Open Source Approach
The Chicago team is using open source software for much of the predictive analytics platform. In addition to the MongoDB database for WindyGrid, the system will likely include Hadoop for some analytics processing. The team is doing its development work with the R data-analysis language.
The philosophy is to leave legacy systems in place while copying data into the single shared database for analysis. "In government, often when we want to do something big and different like this, we replace everything," Goldstein says. Since the team launched the WindyGrid project in late 2011, the approach has been to "leave everything in place," he says.
Using open source saves the city money on software and lets it start without a big investment. "This is a project that began on my laptop in the mayor's office," Goldstein says. Rather than issuing a multimillion-dollar request for proposals, he adds, "we sat in a dark room and started to build things."
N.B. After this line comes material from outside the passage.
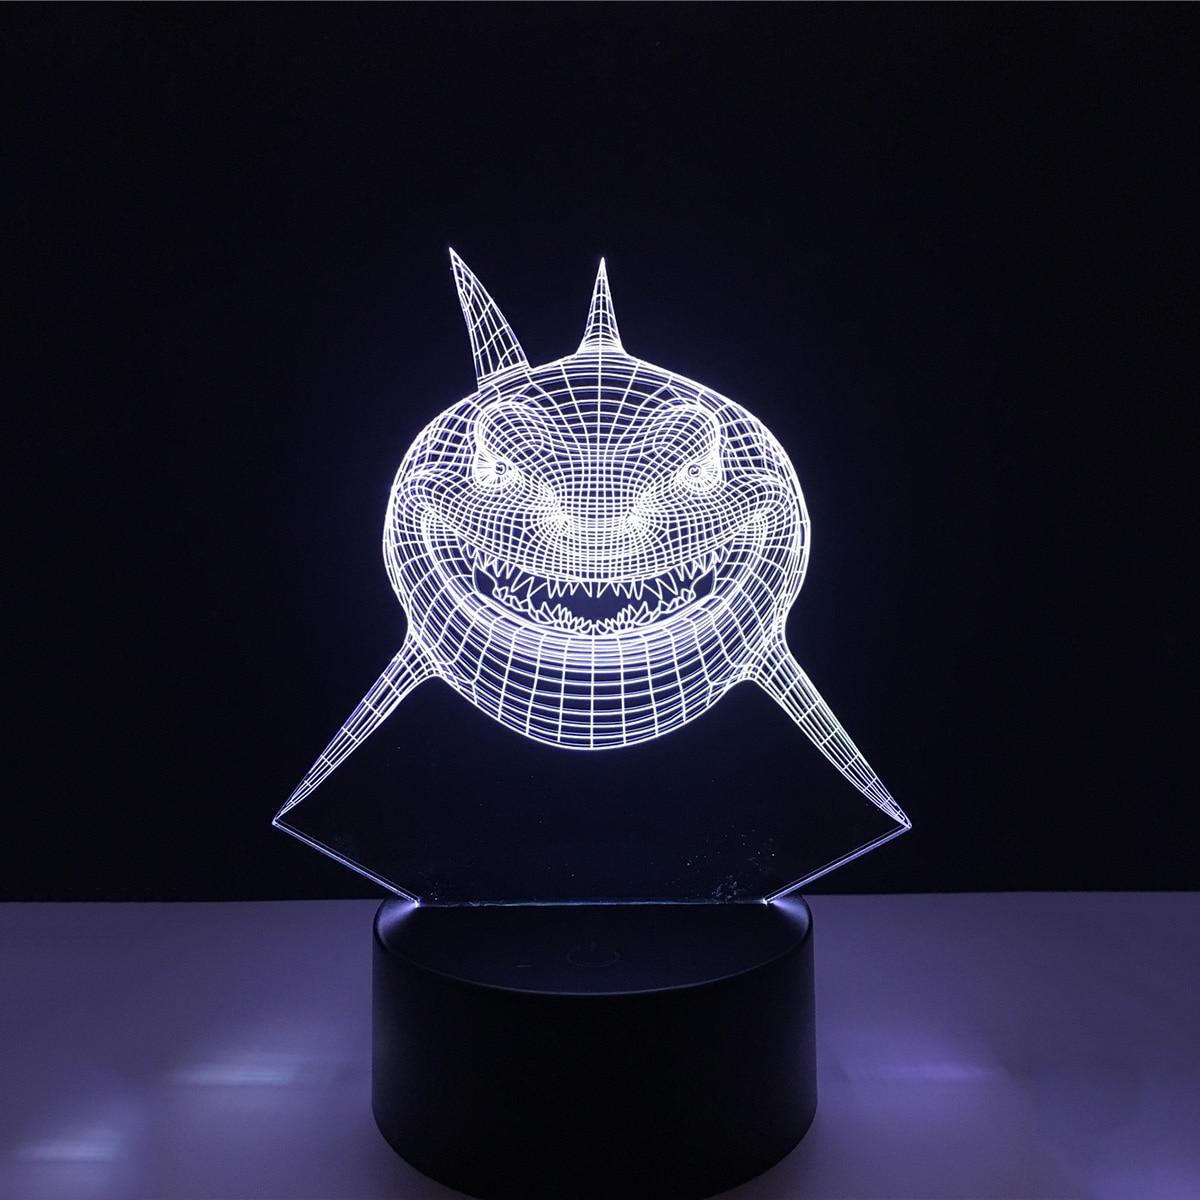 3D Shark Acrylic LED Lamp 3D Baby Night Light Sleeping Lighting For Children Night Light Xmas New Years DIY Light P25

There are still plenty of proprietary systems in Chicago's data center, including an Oracle Exadata system that will continue processing city transactions and commercial business intelligence software used for tasks such as creating reports and giving employees their daily assignments.
Those systems will remain as the city does its new analytics work with open source software. The city plans to share what it develops with the open source community.
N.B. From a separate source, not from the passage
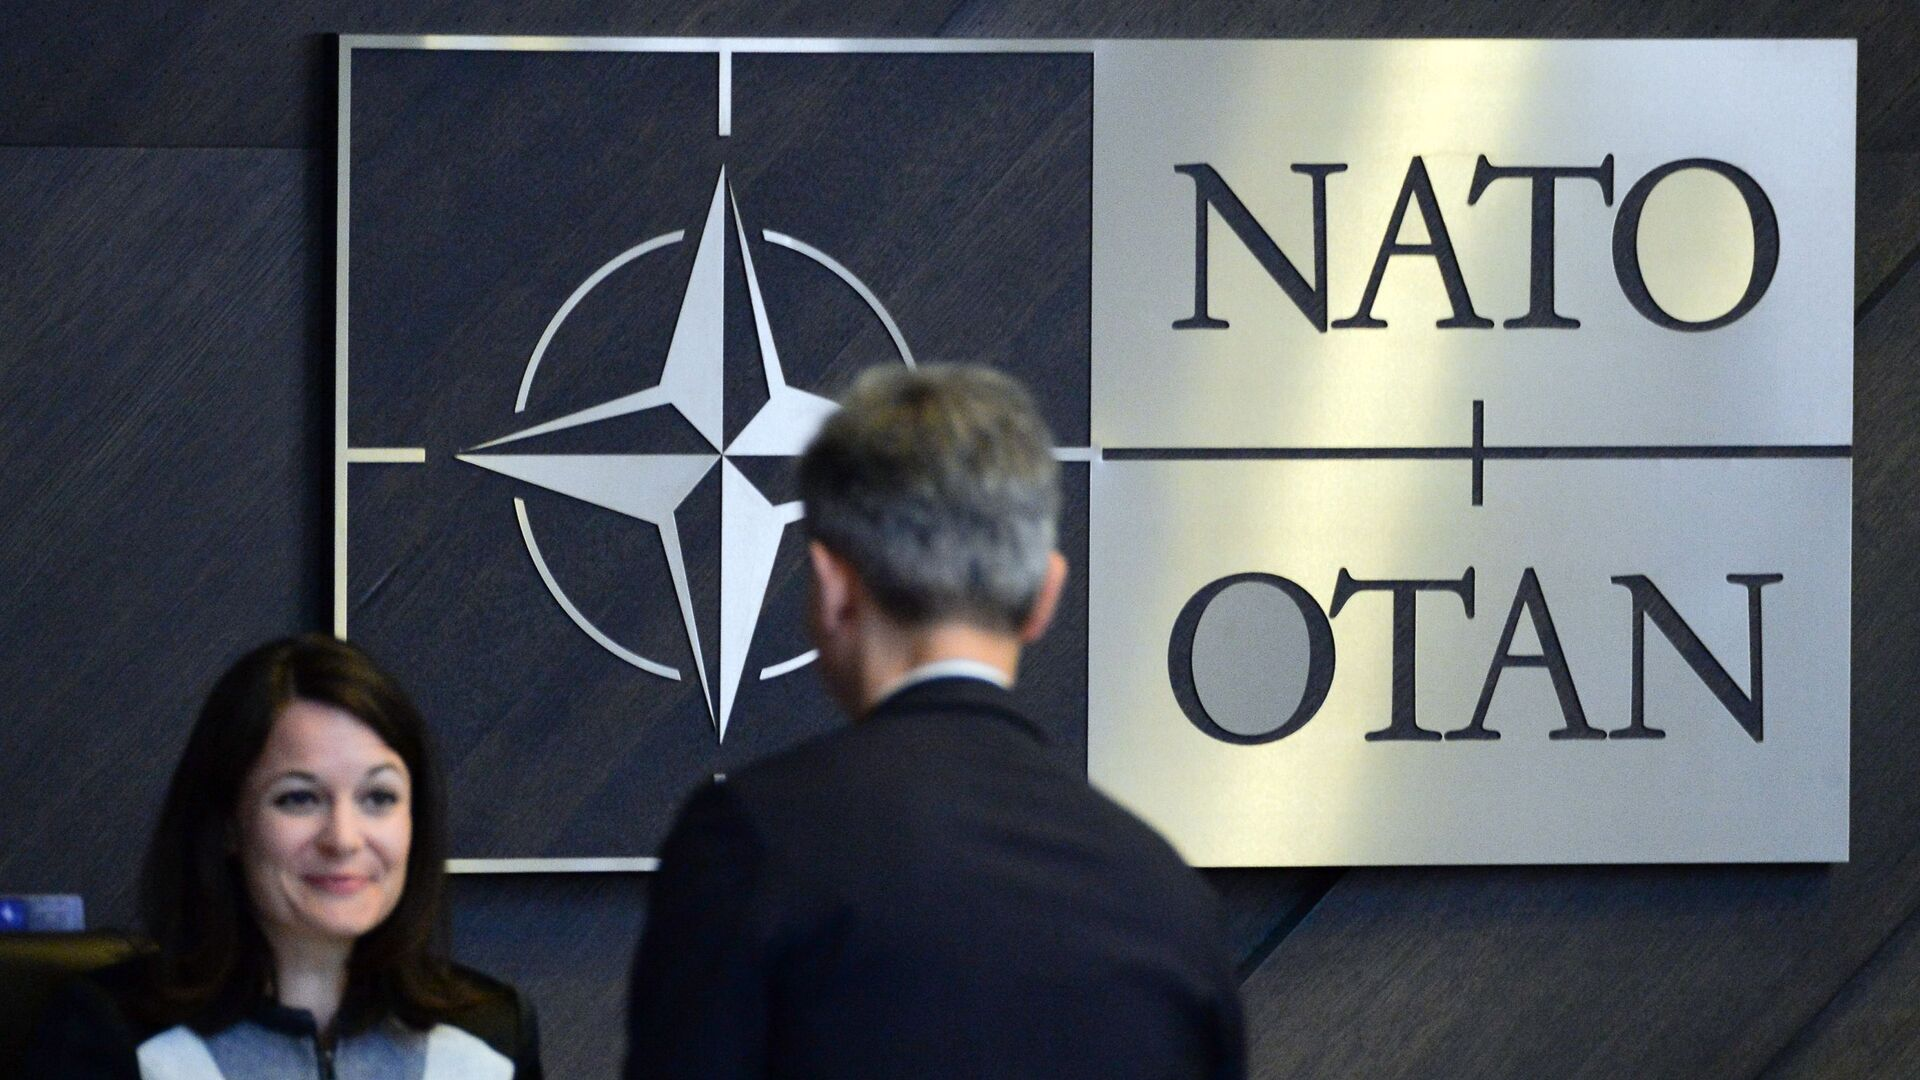 Trụ sở NATO tại Brussels - Sputnik Việt Nam, 1920, 15.06.2021

Challenge Of Being Predictive
Going from today's WindyGrid data visualization to a predictive model is a step into the world of big data. "We've done really well at the multihundred-million-rows- of-data problem for spatial," Goldstein says. "I don't think we've solved the 10 billion rows of data. That is part of our plan."
Tom Schenk, Chicago's director of analytics, came to the city from nearby Northwestern University, where he did analysis of medical research. Now he's collaborating with researchers at the University of Chicago and Carnegie Mellon on the algorithms needed to make sense of many data sources. A major challenge is to build a framework that's general and flexible enough so employees can ask questions of the data. Goldstein is pushing to have something completed within 18 months, and the Bloomberg grant covers a three-year project.
One of the advantages cities have compared with private-sector companies in working with academic researchers is that cities can more easily release large swaths of data, since it's generally public information. Chicago cranks out many data sets for public consumption, providing APIs that let people access data and setting up internal systems to automatically update information as the city does. For example, the city releases through its data portal the location and speed of city buses that it tracks in half-mile increments, providing a picture of traffic congestion.
"Back in the day, if we wanted to have an academic relationship, it would take a year to execute an NDA," Goldstein says. "Now, I put it out through the data portal."
Chicago's predictive analytics and open data initiatives try to use the city's varied data sources to answer questions officials can't know today. What's the next water main that might break? What's causing robberies to rise in a neighborhood? What mashup apps would citizens use if they had access to the data? The planned predictive analytics platform is by far the city's most ambitious attempt yet to deal with such uncertainty.